ラ・フォル・ジュルネ・オ・ジャポン2012

 今年は完全復活、ラ・フォル・ジュルネ・オ・ジャポン。去年はホントに大変な年であった。こんなイベントがきちんと開催されることに、まずは感謝である。
 さて、年に1度の音楽祭。まだまだこらえ性のない愚息&愚女を伴っての一般のコンサートはやはり敷居が高いので、いまだに「0歳からのコンサート」…。
 およそ、心静かにクラシックを愉しむ、なんて環境ではないのだけれども、ま、年に1回くらいは“我々が”生でオーケストラを聴きたいもの。子どもの泣き声を排除して、特定の音源に耳を傾ける…、そんな技能を身につけた我々は、そちらの技能を全開にしてひさびさの生演奏を愉しむ。
 チャイコフスキーの「くるみ割り人形」からの演奏は、上の息子は多少ピンと来るものがあって、そこそこ聞いていたようだが、下の娘はもう…。

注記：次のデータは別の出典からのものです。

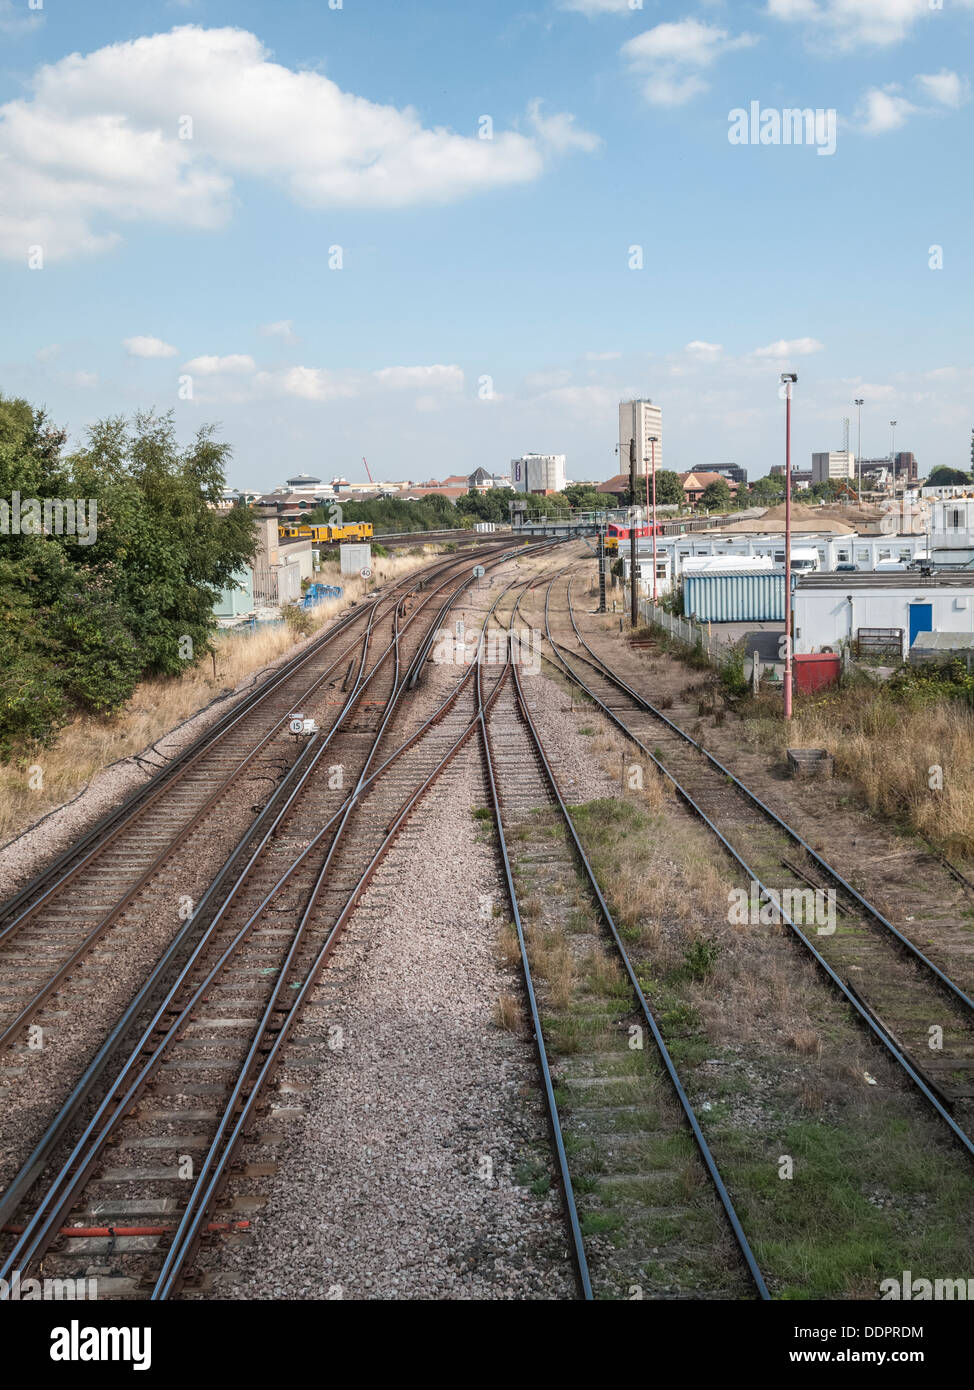 Railway tracks leading towards Woking, Surrey, England and Woking station Stock Photo

大丈夫かね、彼女は。ま、親のコイドも、「お、ホワイト家族…」なんて反応だから、程度が知れるんだがな。
 そういえばワタクシ、コレまでいろいろな著名人(ブツ?)に似ていると言われたことがあるけれども、かつてある学生さんに、「おじいちゃんちのリビングにおいてあったくるみ割り人形に似ています」と言われたことがある。そうまでして「…に似てる」って話題を引っ張りださなくても良さそうなものだがね。でも一応、「そうですか。よく言われますよ」って答えといたはずだ。
 ともあれ、わずか45分のコンサート、前回(一昨年)途中退場を余儀なくされたのに比べればまずまずの進歩である。
 心静かに(実際に静かに)コンサートを聴けるのは、あと何年くらい先だろか…。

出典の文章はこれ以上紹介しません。